Protecting Privacy of Customer Personal Information in Borders Bankruptcy Asset Sales

As part of the Borders bankruptcy proceeding, Barnes & Noble offered to purchase the “consumer personal information” of Borders, including over 20 million customers’ online account information, e–mail addresses, and purchase history. However, Borders had a privacy policy that stated customer personal information would not be rented or sold to third parties except with the express consent of its customers.

According to a Federal Trade Commission letter dated September 14, 2011, about this matter, Borders’s database includes customer personal information collected since May 2005. Borders had several versions of its privacy policies, and their privacy policy was revised May 27, 2008, to include an exception for disclosing customer personal information as part of a merger, reorganization, or sale of its assets. The FTC letter recommends that Borders obtain express consent from its customers before transferring a customer’s personal information to a potential purchaser (e.g., Barnes & Noble). If a customer does not consent, the FTC recommends that the customer’s data be purged. The FTC letter cited the FTC v. Toysmart case as a similar situation involving the transfer of customer personal information in a bankruptcy proceeding.

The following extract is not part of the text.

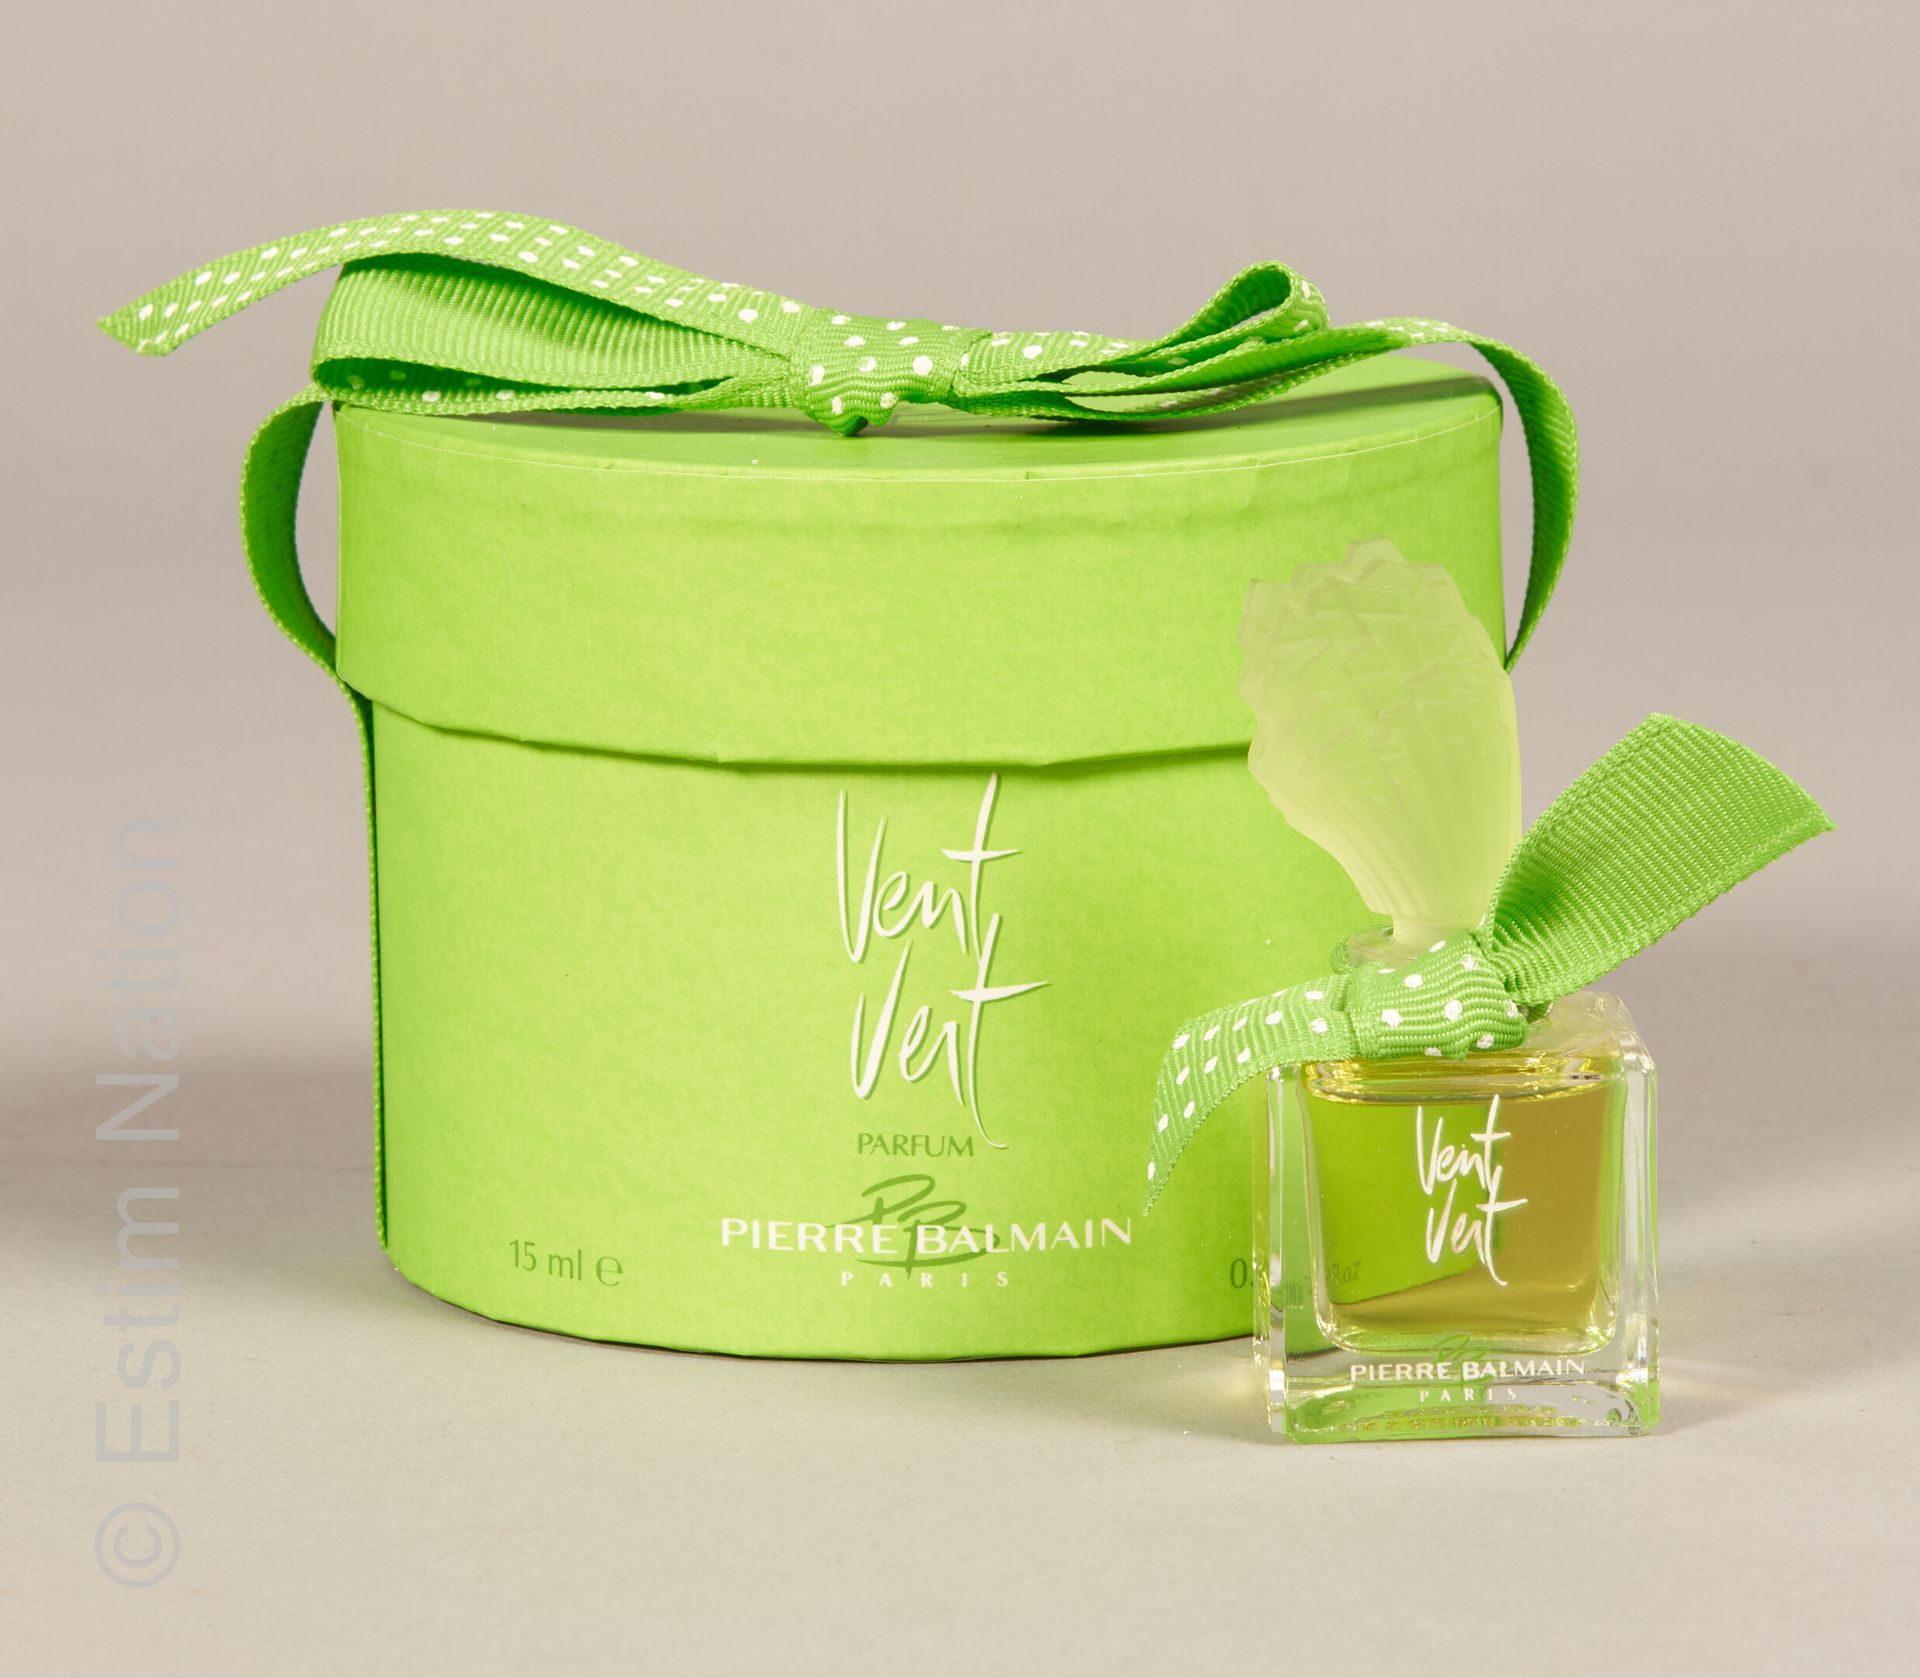 PIERRE BALMAIN "Vent vert" Flacon en verre contenant 15 mL d'extrait de parfum. &hellip;
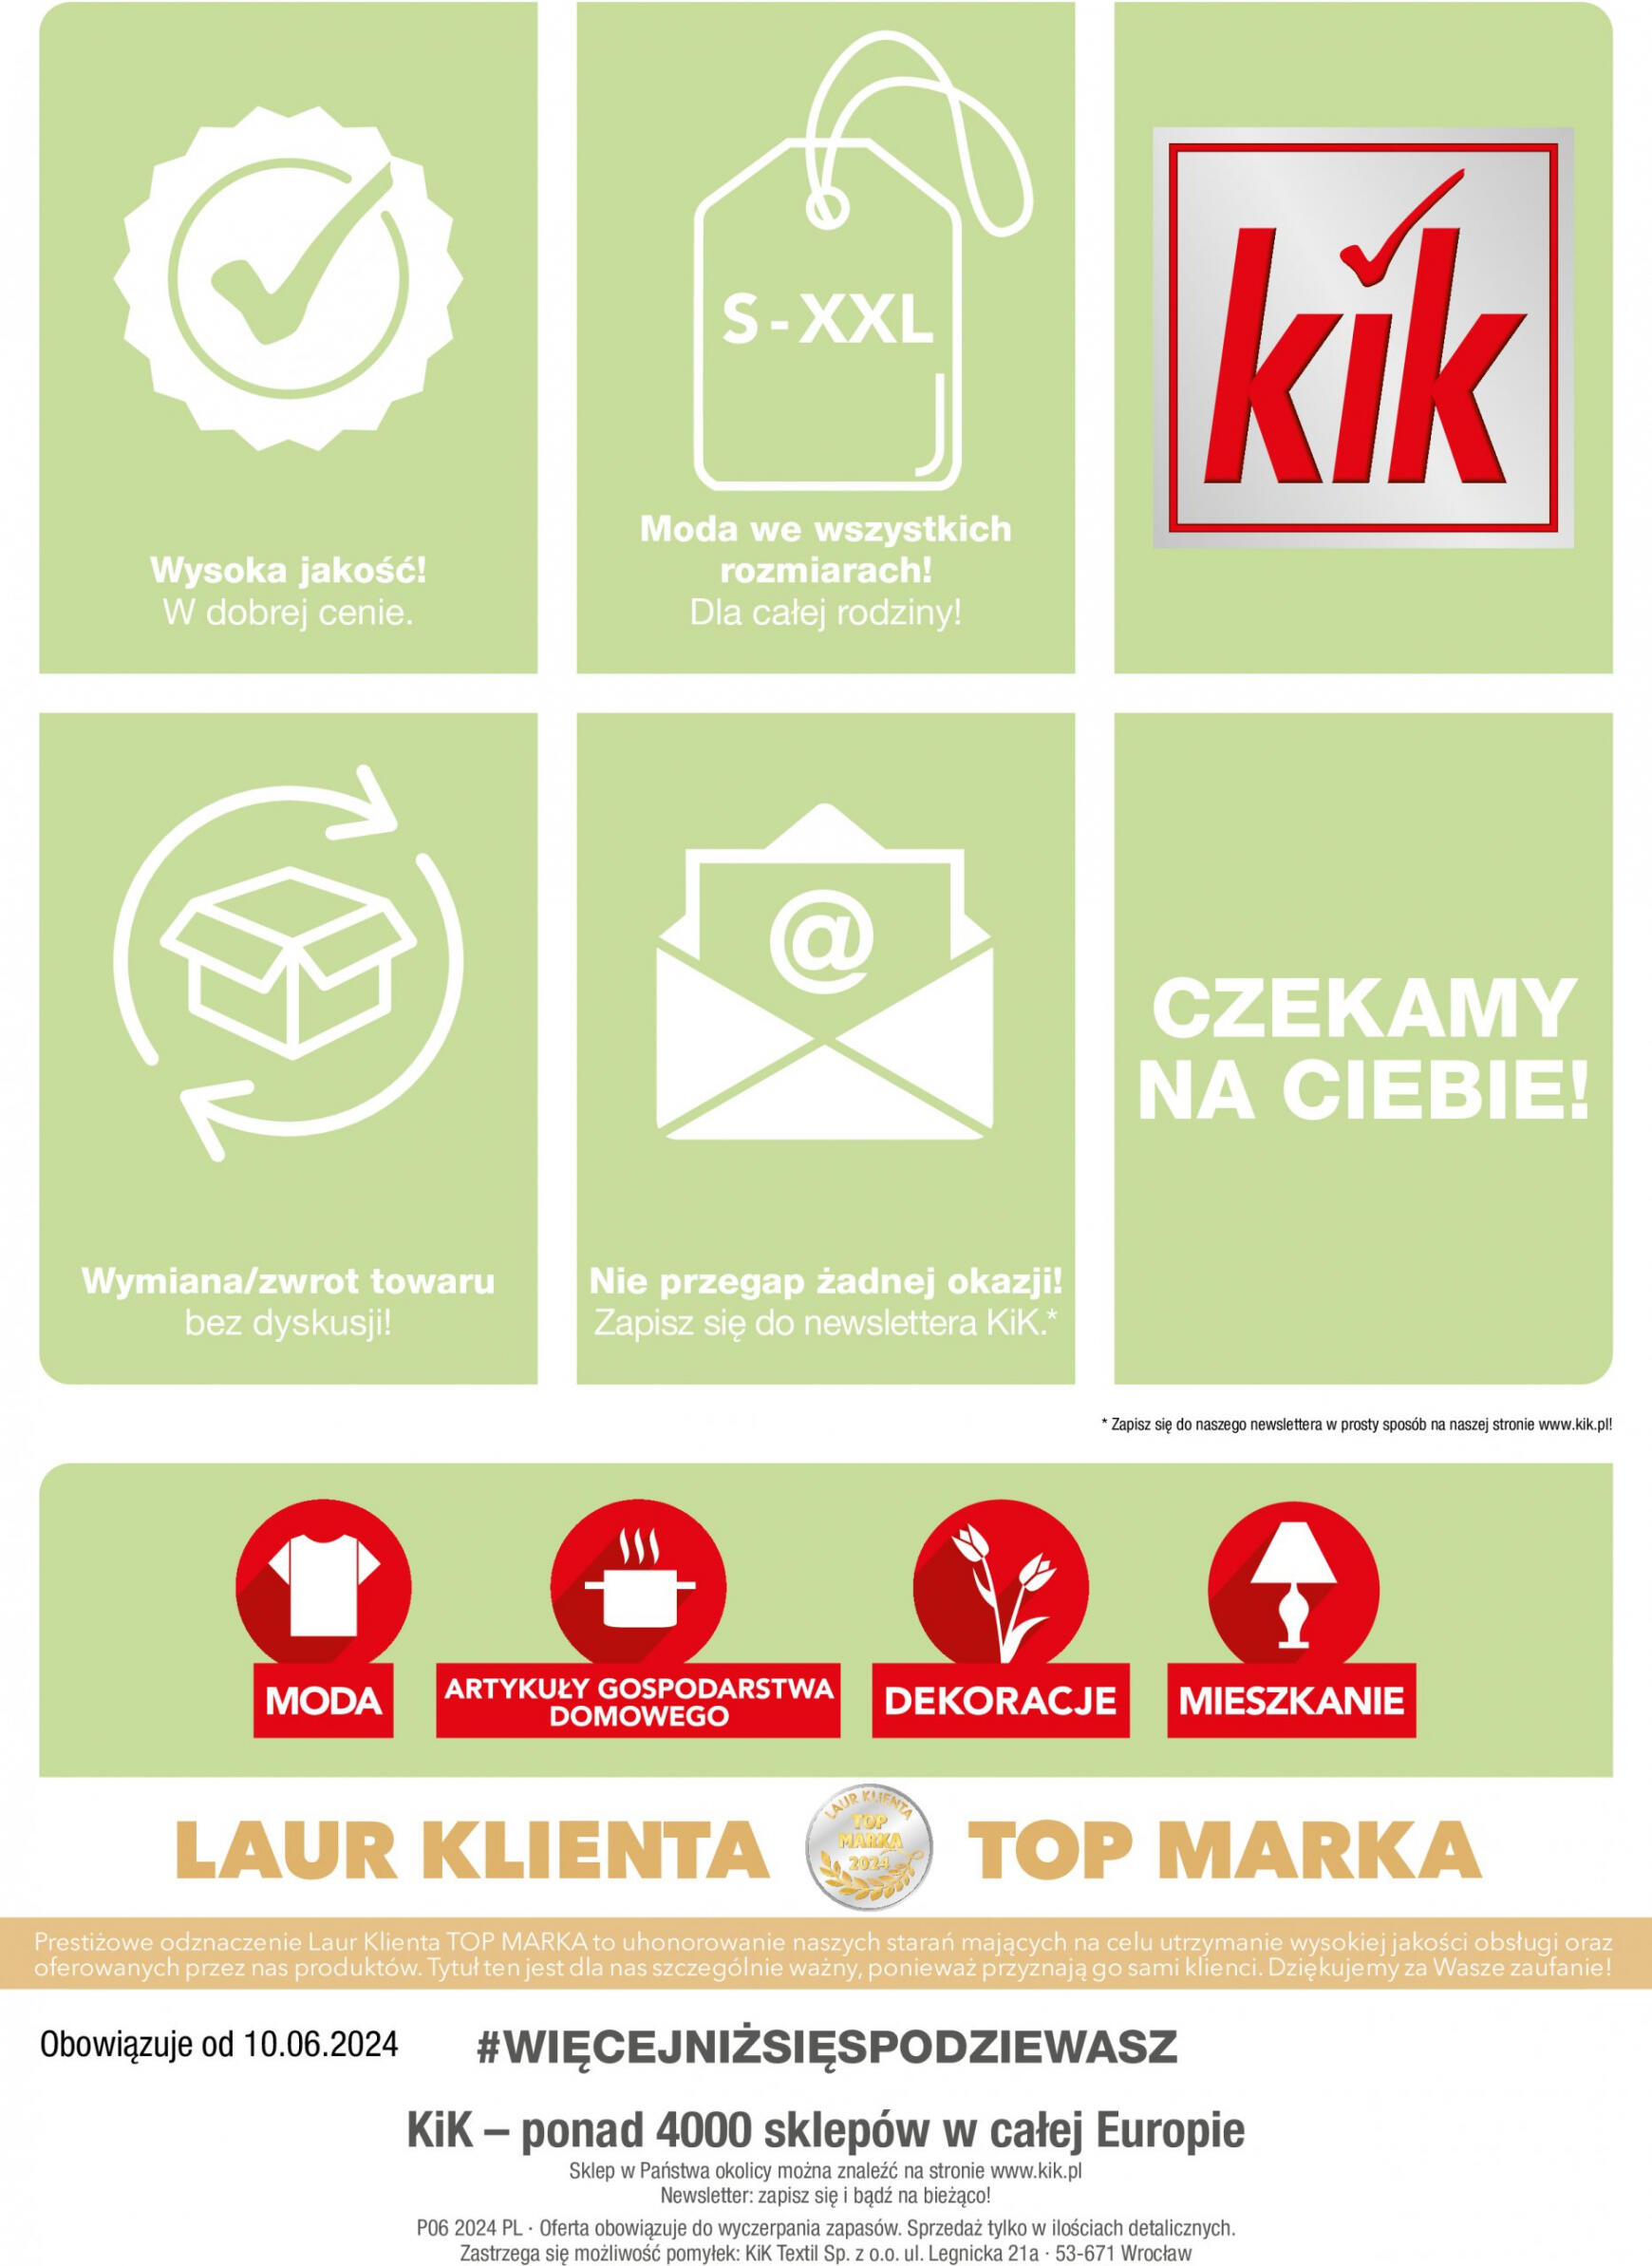 kik - Kik gazetka aktualna ważna od 10.06. - 10.07. - page: 27

The third–party Consumer Privacy Ombudsman in this matter recommended that Barnes & Noble comply with Borders’s privacy policy by getting consent of the Borders customers. According to a September 21, 2011, Reuters article, “Barnes & Noble rejected the consent requirement as ‘completely unrealistic.’ ” As the Reuters article points out, this could decrease the value of the customer personal information that Barnes & Noble offered to purchase, and it might end the deal. It will be interesting to watch how these important consumer privacy issues are resolved.